Bellaire’s coloring genius can be seen in how she subtly changes her rendering style as the art shifts from the fable to the soldiers. For the fable, she applies colors with thin vertical streaks to create the illusion that these visuals are printed on film, a choice that fits especially well with the early 20th century time period. These vertical lines dissolve as the art moves out of the fable, like in the top left corner showing the silhouette of a horse running. Given the direction of the horse, it would make sense for the reader to scan the spread horizontally rather than vertically, but Ríos composition and Clayton Cowles’ lettering keep the eye moving where it needs to go.

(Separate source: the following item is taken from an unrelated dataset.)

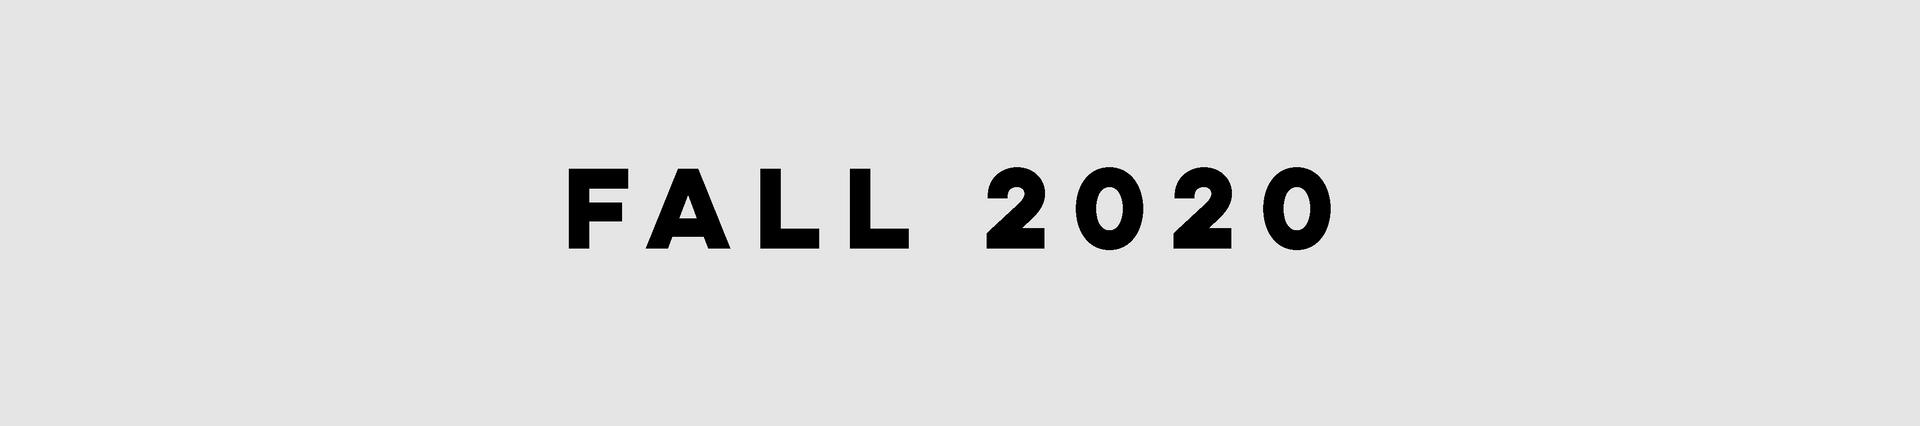 OGI Fall 2020

The direction of the bullet that hits Theo’s leg pulls the eye away from the right side of the page, and the downward slope of Johnny Coyote’s silhouetted profile continues that downward path, as does the placement of Cowles’ captions and word balloons. Having the silhouetted profile of Molly Raven on the bottom of the right page also helps guide the reader. Because of how the fable bleeds into the warfare in the middle of the page, it’s possible to incorrectly read the page counterclockwise, but Molly’s silhouette, specifically, the shape of her hair, indicate that the bottom right is the end point of the spread, with the waves of her hair carrying the flow of the visual into the next page.

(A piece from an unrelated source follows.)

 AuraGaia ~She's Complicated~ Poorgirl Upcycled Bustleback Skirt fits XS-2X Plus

The layering of narratives in DeConnick’s script shapes Ríos’ composition, which in turn influences Bellaire’s coloring and Cowles’ lettering choices to create a cohesive, organic visual that maximizes the impact of the story. These moments of collaborative excellence are the primary reason to pick up Pretty Deadly, and each issue consistently surprises with the brilliant ways the creative team chooses to convey its ambitious story.